Picard decided he might as well wish for the impossible. “I don’t suppose she told you where the bombs are hidden?”
“No,” Kirk replied. “But there seems to be a pattern to the type of environment she likes, and it’s not one that many Remans would ever enter. Check for greenhouse domes, anyplace hot and too bright for Remans.”
Picard agreed with Kirk’s logic. “That’s a good place to start. Now what is your situation with those people? Any idea when they’ll permit you to come back?”
“Right now, everything seems under control. All we need are some transport coordinates and a friendly starship.”
Picard heard the ease in his friend’s voice and was curious to know what had happened. When Kirk and his son had beamed off the Calypso, Picard had even wondered if he might never see Kirk again. Evidently, things had taken a turn for the better, especially with the miraculous return of Spock.
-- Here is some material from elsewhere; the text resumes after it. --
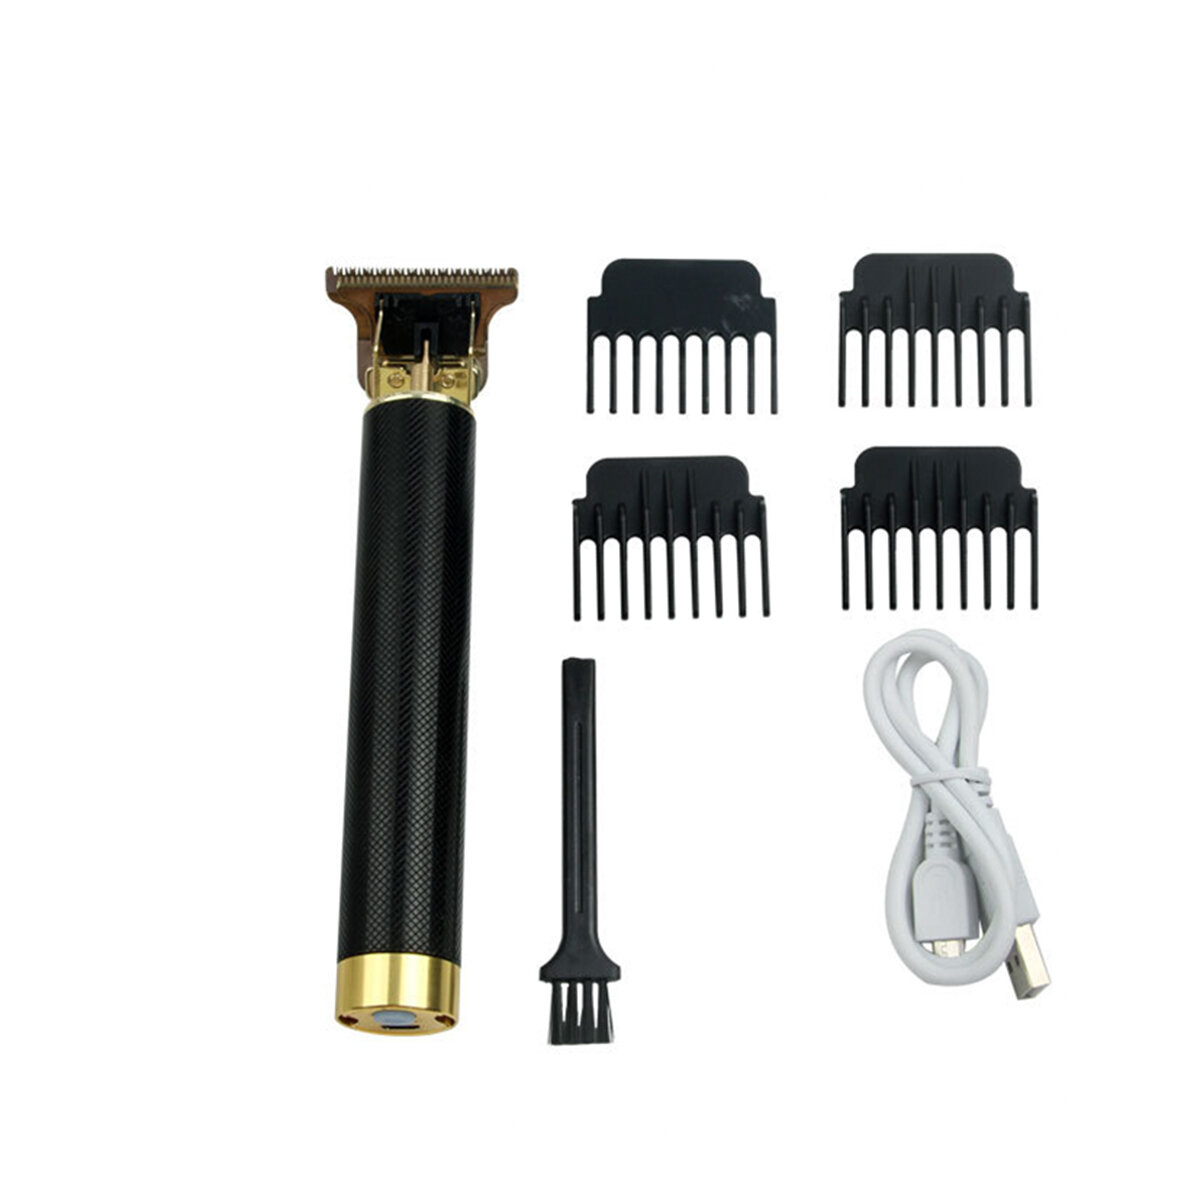 Men's Electric Shaver Kit Low Noise USB Charging Waterproof Hair Chipper Set With 4 Limit Comb

“I’d be happy to oblige,” Picard transmitted. “Let me check our position.” Picard looked over to find La Forge at navigation. “Geordi—how long until Kirk will be within range of the Calypso’s transporter?”
La Forge checked the numbers. “On this orbit, thirty-two minutes.” He exhaled noisily. “I sure miss the Enterprise.”
Picard agreed wholeheartedly. The transporters on that starship had enough range and power to beam people from the opposite side of an Earth-sized planet. For most transporter operations, he rarely, if ever, had to take into account the ship’s orbit.
Picard hit the transmit control. “We’ll be by in half an hour, Jim. Can you hold out till then?”
Picard got his answer when he released the control.